# TASK TO COMPLETE:
Print only the lines below from the one with "Camel handbag, trendy" to the one with "Beach Umbrella: Beach", both included, exactly as they stand. Leave pictures out.

# SOURCE MATERIAL:

--

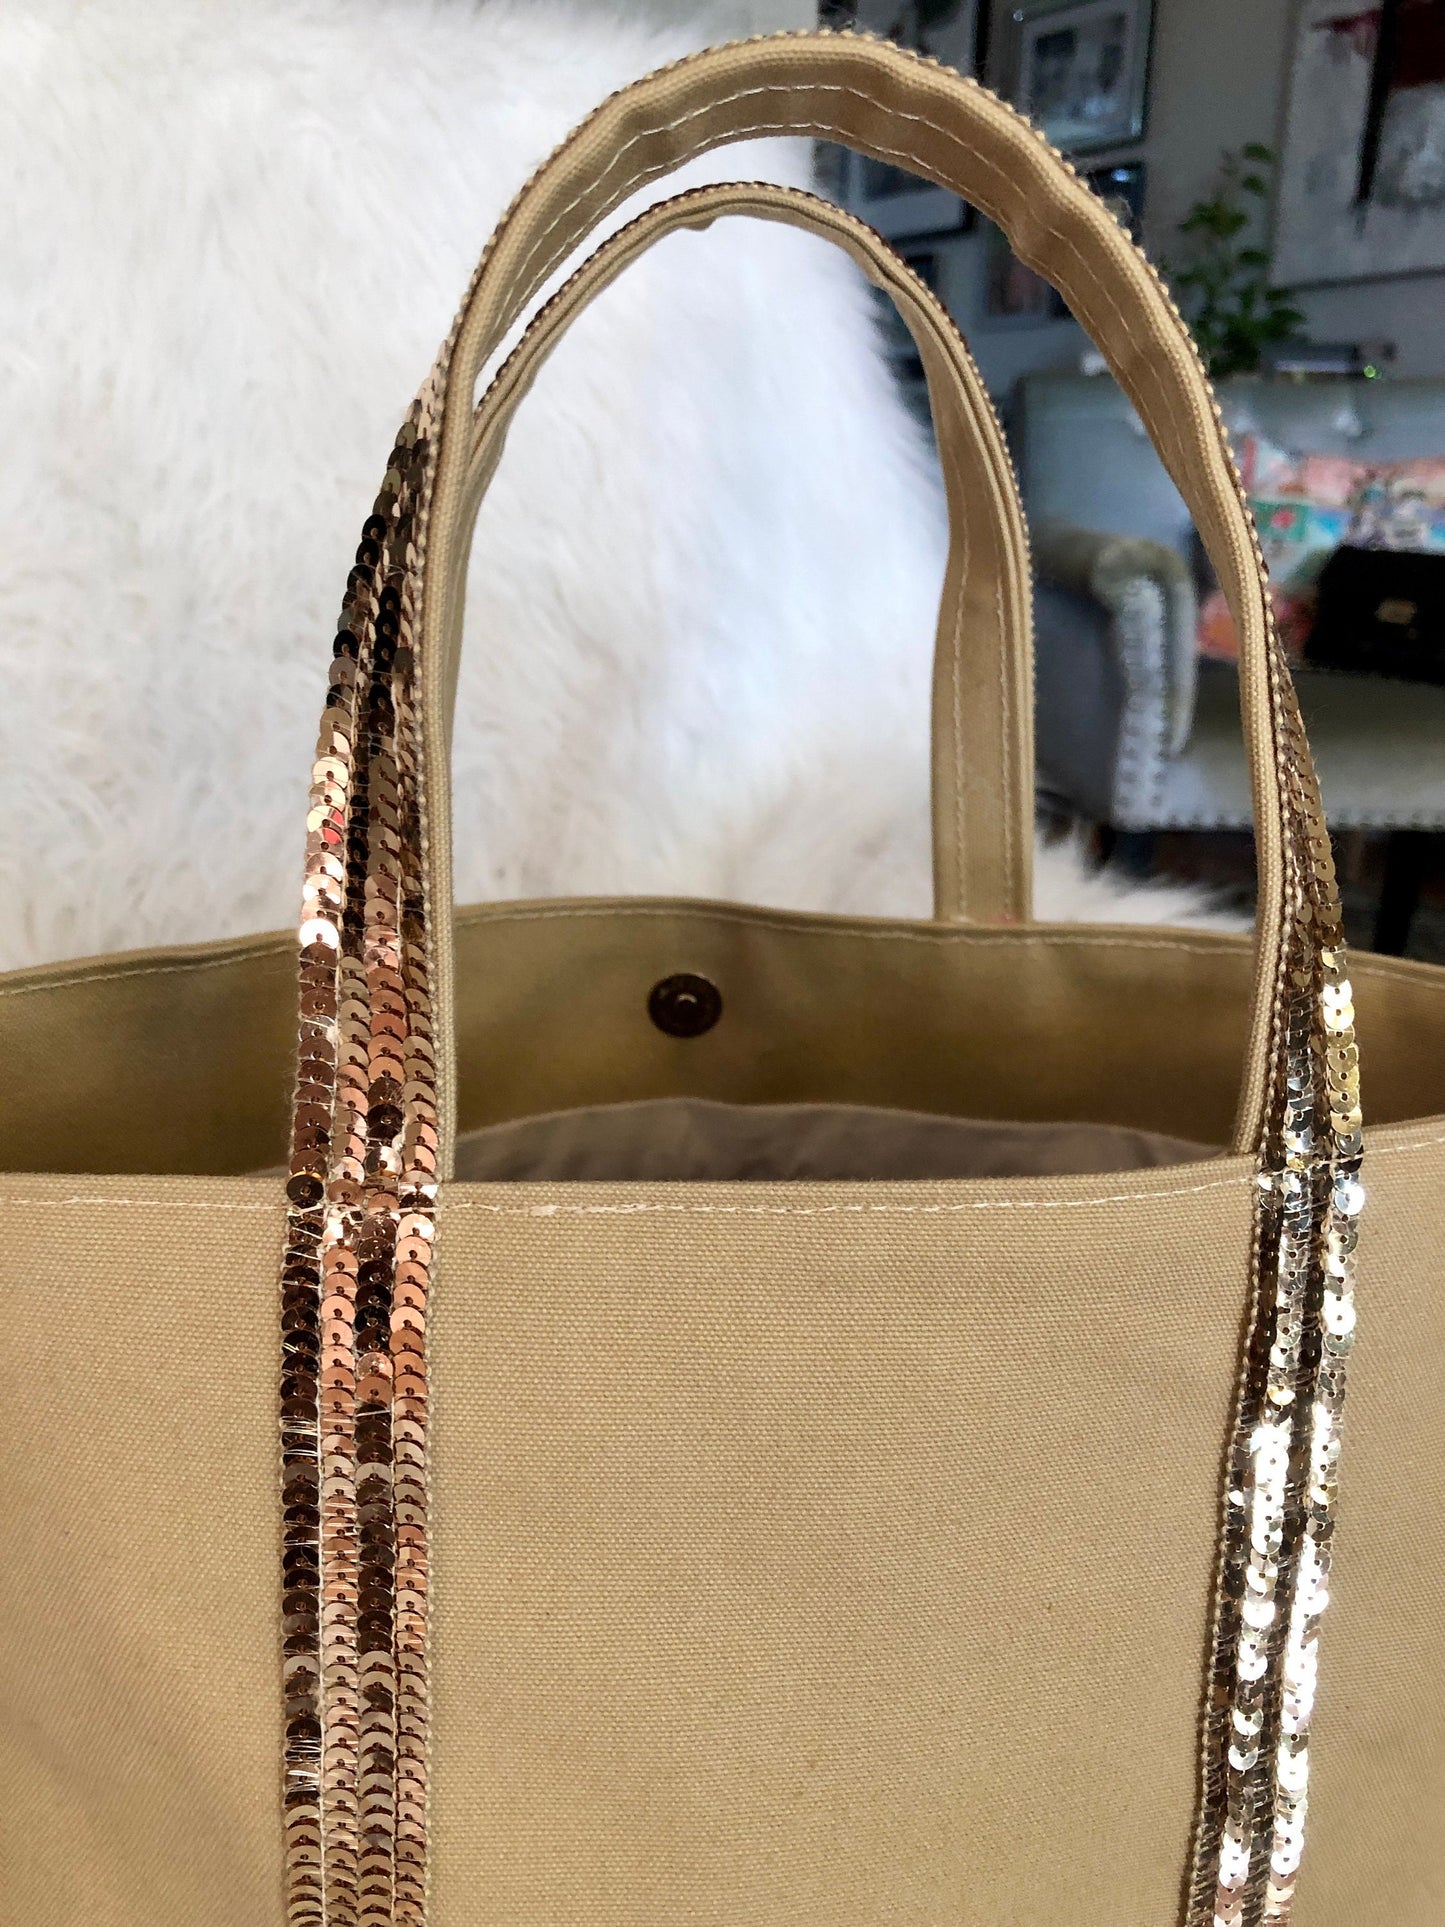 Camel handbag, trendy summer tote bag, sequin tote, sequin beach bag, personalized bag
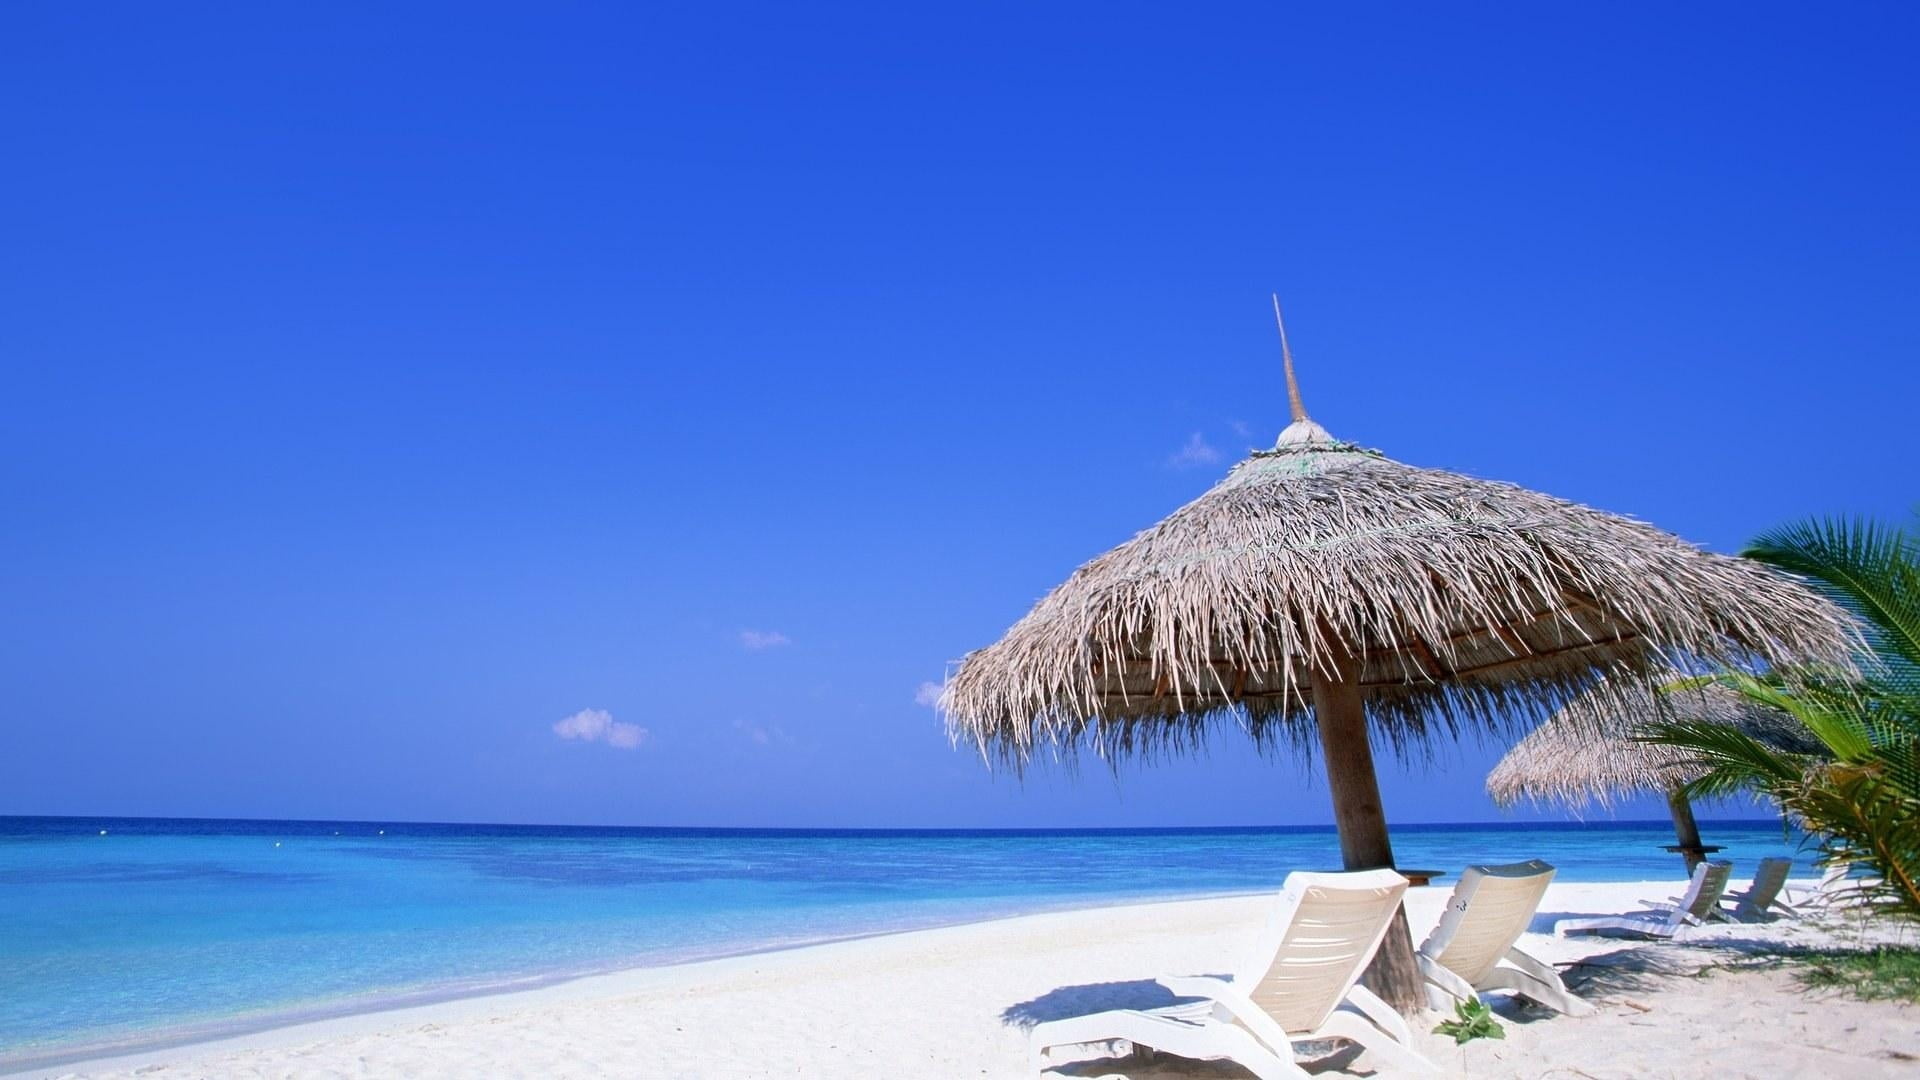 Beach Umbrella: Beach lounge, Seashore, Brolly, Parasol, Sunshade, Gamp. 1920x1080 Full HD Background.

--

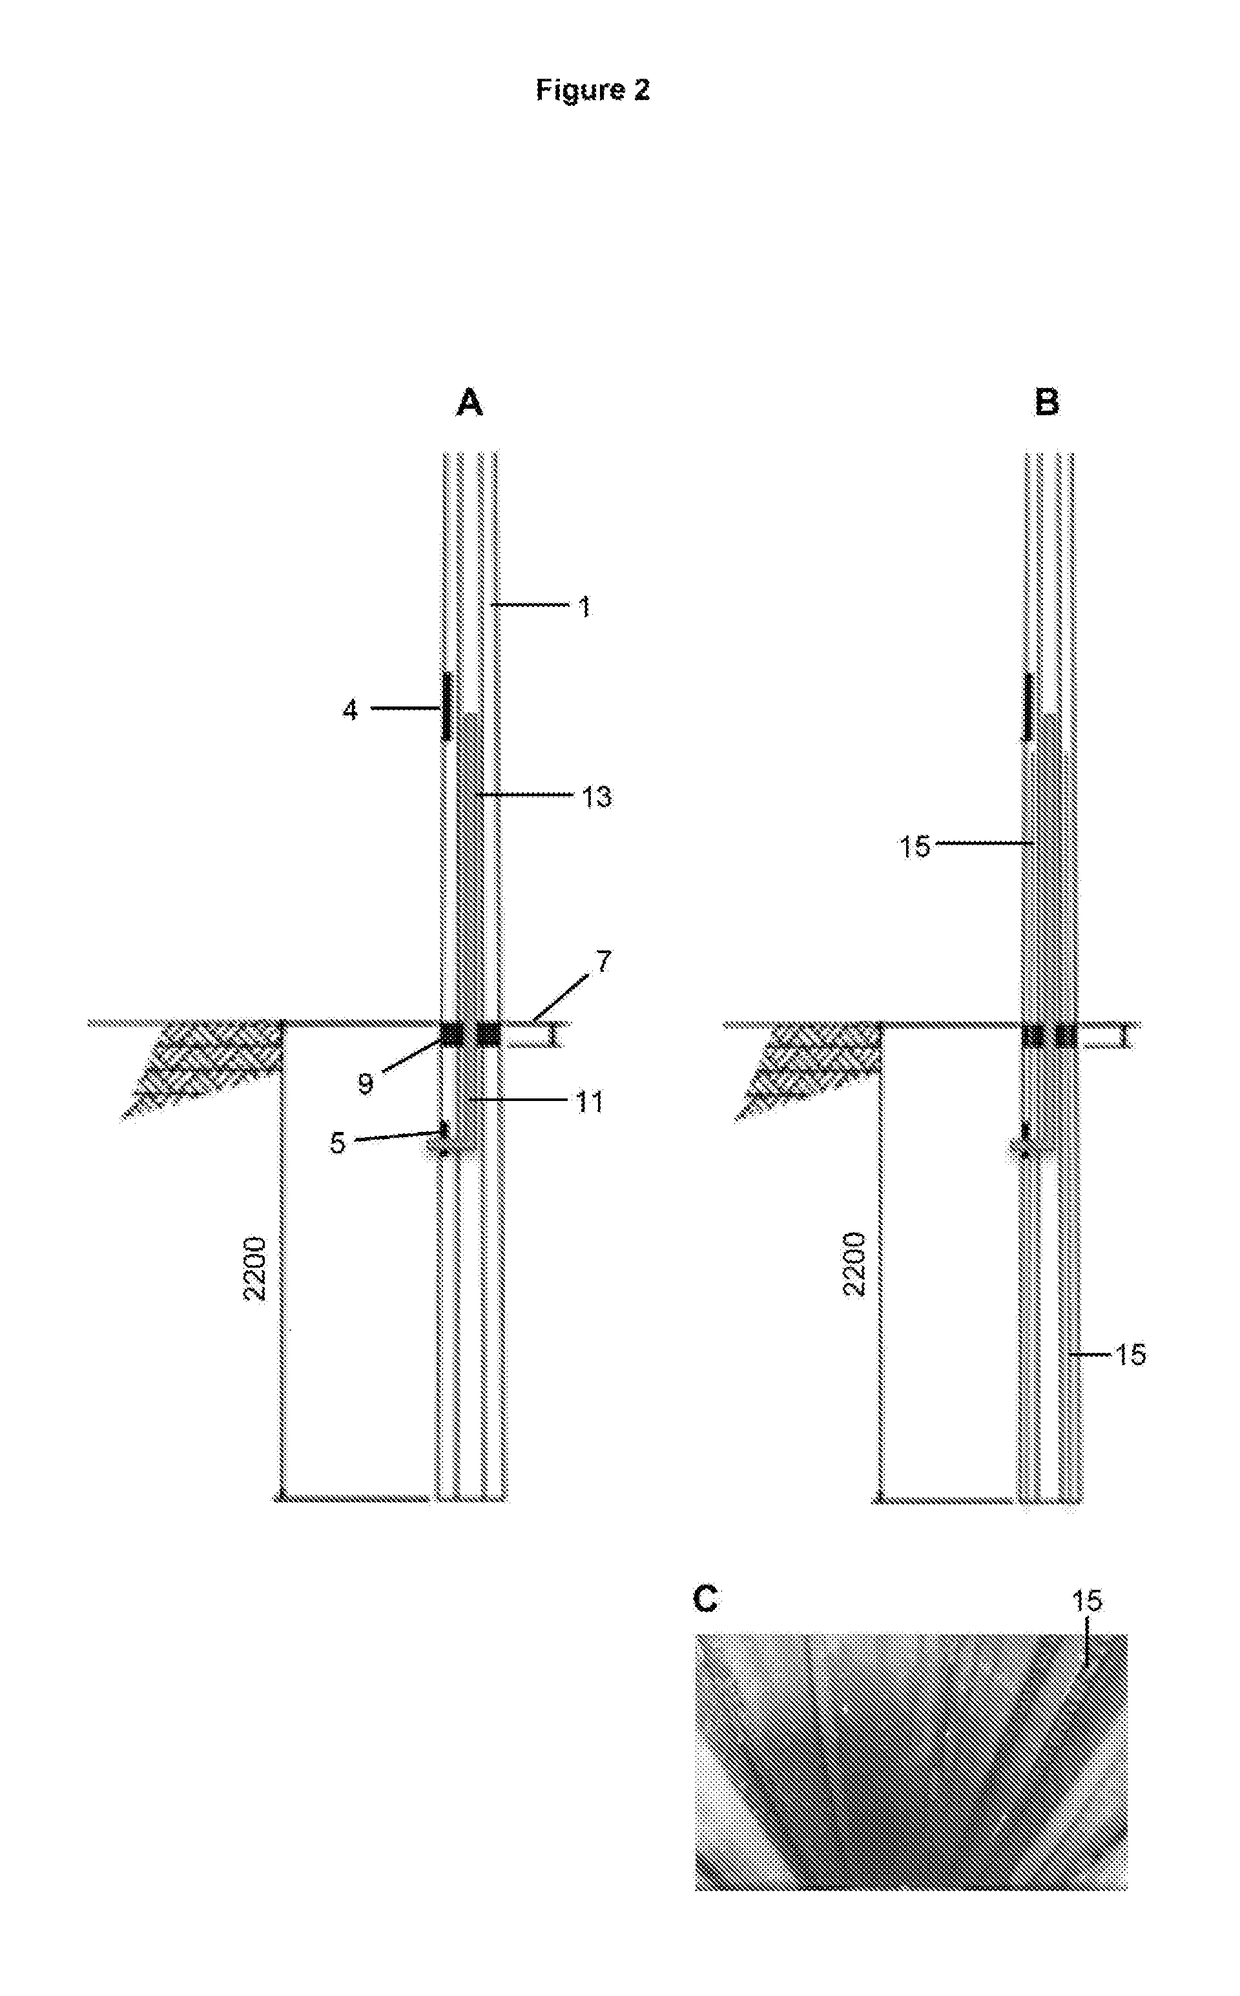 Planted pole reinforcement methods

--

# TASK ANSWER:
 Camel handbag, trendy summer tote bag, sequin tote, sequin beach bag, personalized bag
 Beach Umbrella: Beach lounge, Seashore, Brolly, Parasol, Sunshade, Gamp. 1920x1080 Full HD Background.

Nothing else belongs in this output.